══ MATERIAL PROVIDED ══

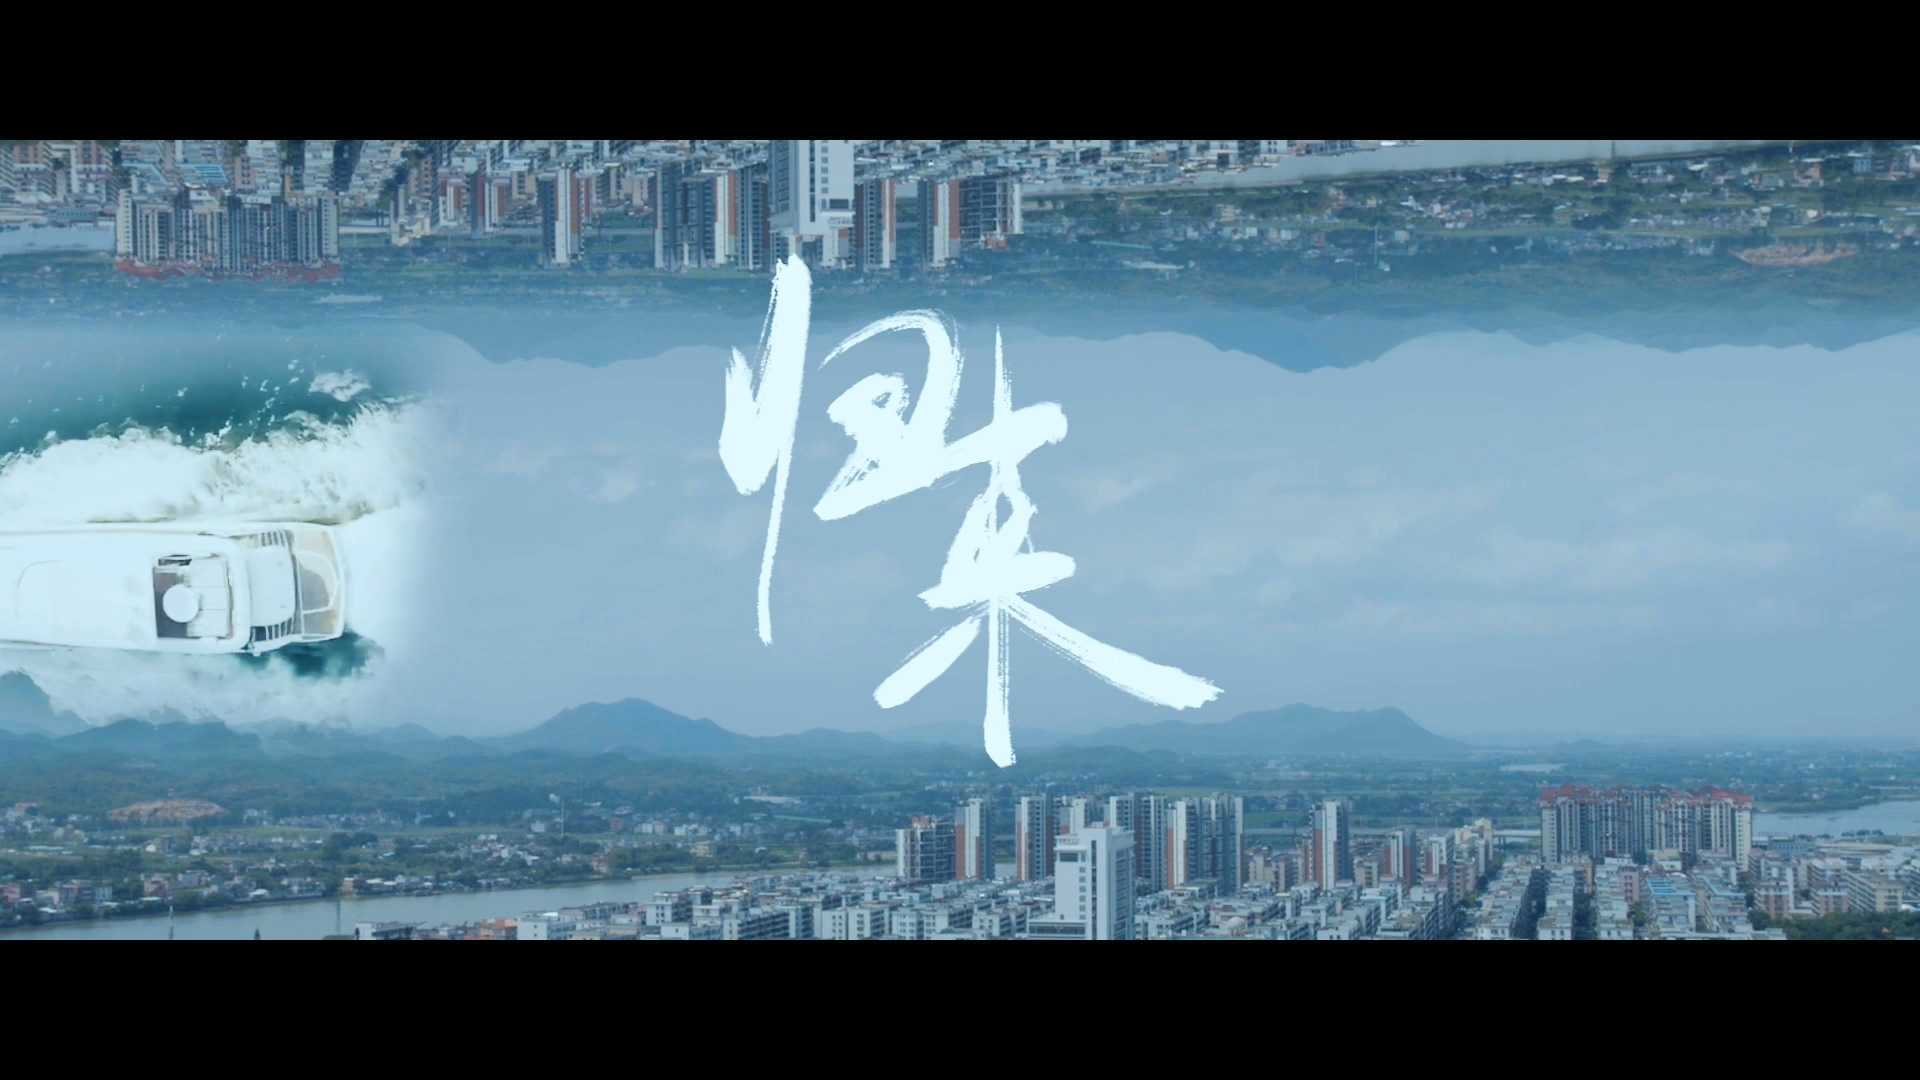 【开平新故事】史上最文艺微电影《归来》
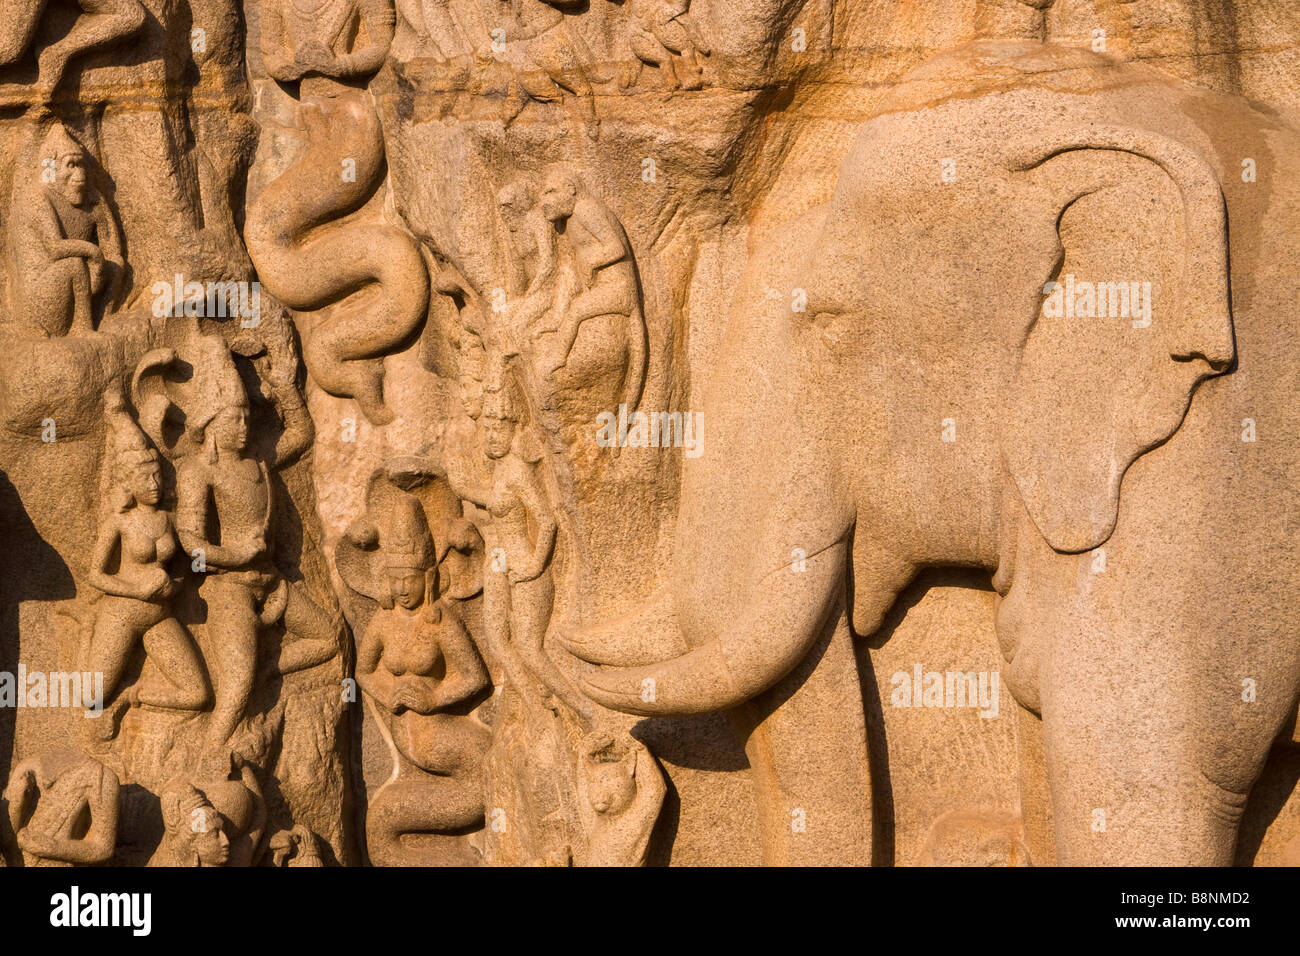 India Tamil Nadu Mamallapuram Arjunas penitenza rock indù carving dettaglio di riparazione da gange nagas Foto Stock
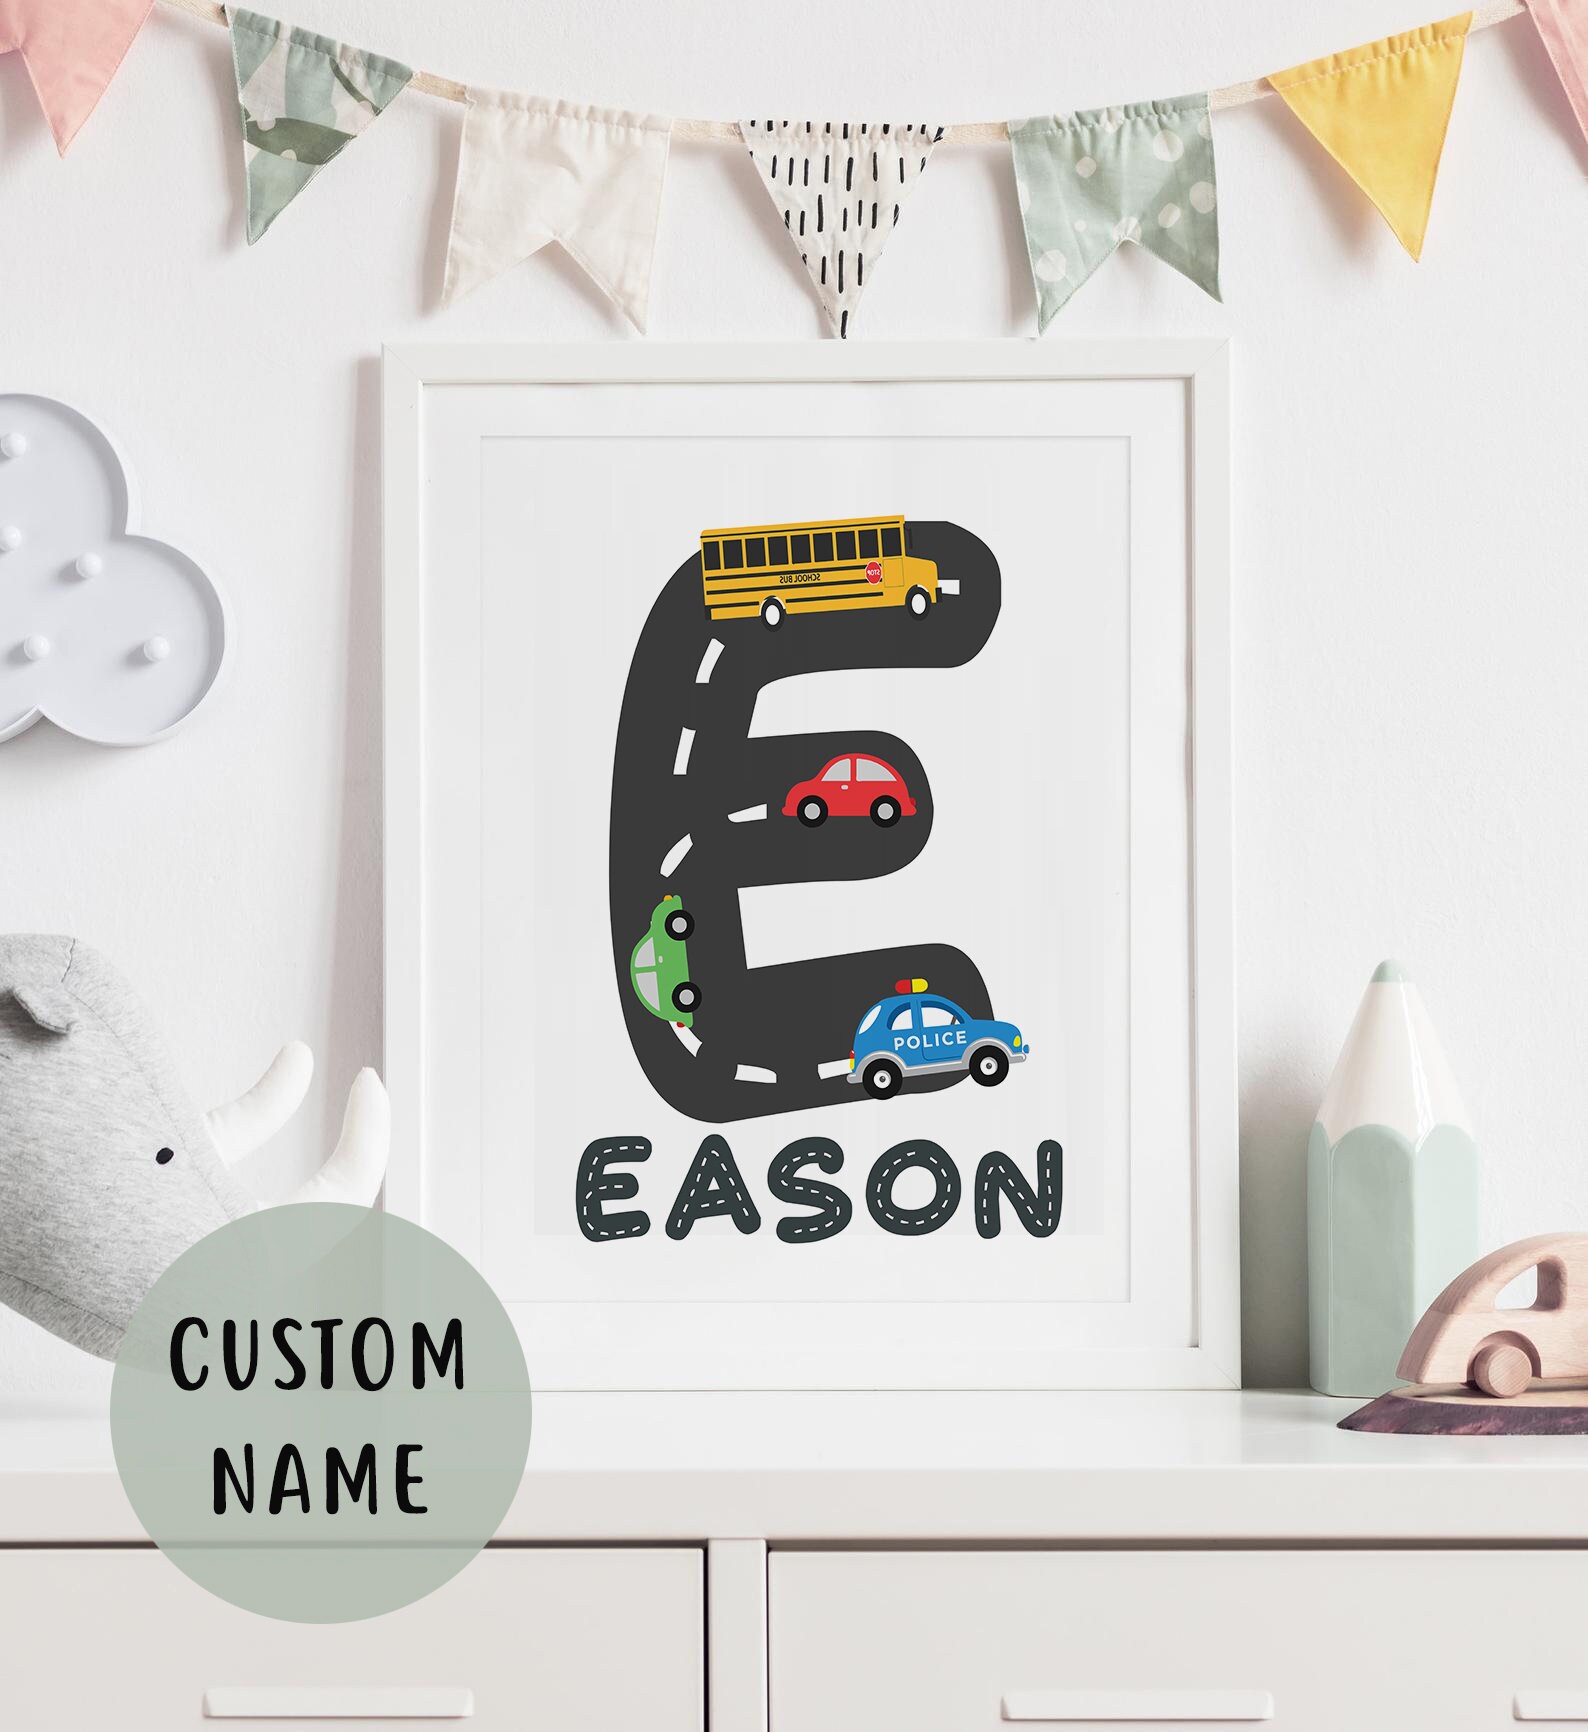 10 coches de póster que han decorado la habitación de muchos de nosotros

═══

Each line of the data must be transcribed exactly; pictures are not carried over.

> FINISHED TASK
 【开平新故事】史上最文艺微电影《归来》
 India Tamil Nadu Mamallapuram Arjunas penitenza rock indù carving dettaglio di riparazione da gange nagas Foto Stock
 10 coches de póster que han decorado la habitación de muchos de nosotros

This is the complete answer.